ON another occasion, I had a friend from the US visiting, and we rented a car to go to Vienna. As luck would have it, I drew another 520i-- black/black w/ black high gloss trim (my favorite). He kept saying thinsg like : "Wow- this is an amazing car". We'd fight to drive it-- and ended up pulling over at nearly every other rest stop to switch drivers.

So, why did I end up w/ an e46 after all those great 5 experiences? I decided that I liked the more connected feeling of the 3-- I felt like the 5 was "too much car for me". I also had trouble justifying its price premium, given that the e46 and e39 share a lot of engineering and parts.
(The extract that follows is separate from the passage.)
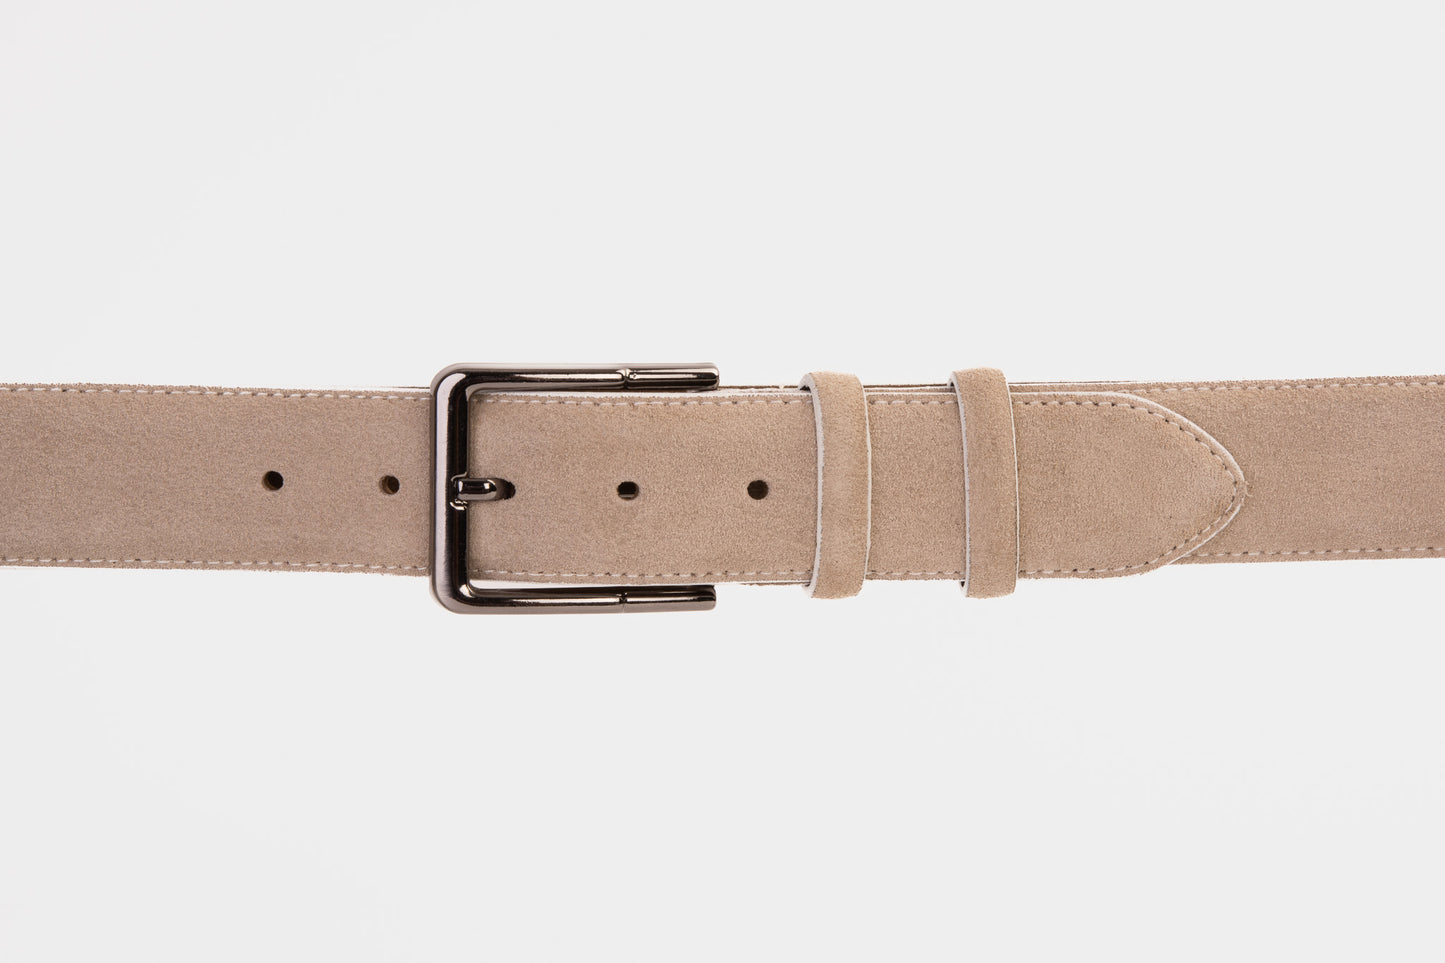 The Bari Beige Leather Belt

I also just liked the layout of the e46 interior a little better-- you can tell that its a refinement of the e39 interior with some detail changes to make it more usable (like moving the climate control up, for example).

Did I make the right decision? I still struggle with that-- I'll always be a big fan of the e39-- and as I write this, those fantasies of buying one of the last off the assembly line, creep into my thoughts. I also really do like my e46, and am "attached" to it. By nature the e39 is a little more "aloof"- I wonder if I'd still feel as attached to it if I'd owned one for a few years. For now, whenever, I see a nice e39, I can't help admiring it. In some ways, I think the e46 (atleast 01 and prior) is prettier, but the e39 has such a great presence (so solid, cool, unflappable, muscular). But when I actually think about it more analytically, I just can't justify it. Is that enough "intangibles" for you?


----------



## Tanin (Dec 21, 2001)

robg,

Yes, that is enough "intangibles" for me. Thanks for great response.

Sounds like we struggle over similar thoughts regarding both vehicles. The refinement, handling/stability (I’ve taken an E39 to GPS verified 152 mph), road noise isolation, and freeway speed cruising are what establish the “intangibles” with the 540 Sport. That 4.4L engine is beautiful and 3rd gear on the freeway is unmatched by few cars. 
I have modified the engine, exhaust and suspension on my 330 and love hearing the vehicle and feeling the road. Are there times when I wish for more refined cruiser for long rides, more torque at 70mph, or those awesome sport seats in the 540…………..absolutely! 

The problem is that I can build a laundry list of praise for the E39 and another for E46 just as long. 

If I can talk my wife into a ’98 Carrera S for a weekend/track car my problem would be solved. Until then I have to find the best compromise.

Not that the E46 or E39 is anything near a compromise


----------



## hts (Dec 19, 2001)

robg said:


> *You asked for it...
> 
> I also had trouble justifying its price premium, given that the e46 and e39 share a lot of engineering and parts. *


Hmph, I never knew as much. Learn something new every day around here.


----------



## crete (May 16, 2003)

Tanin said:


> *I currently drive a 2001 330i SP 5 speed and put 45k miles on her and still (intentionally) miss my exits for more seat time. I'm in the market for a new BMW and ready to order a 2003 330i ZHP but seriously considering a 2003 540 6 speed.
> Tanin *


I tested a few 330's when I was looking but decided on the 540ia w/sport. Reasons mostly are what others have stated here but also that I was more comfortable in the 540 over the 3 series. I want to keep this car for a long time and felt the 540 was the car I could grow into and feel comfortable with 5 or more years down the road. The 330, I felt I would grow out of and get tired of because the ride is slightly rougher than the 540 in comfort.

Now if you are looking at the new 540's realize that are not sending in orders anymore so you have to take your chances with whatever is out there on dealer lots or just about to come in.

After one month with my 540 I do not regret at all passing up on the 330.

Good luck.


----------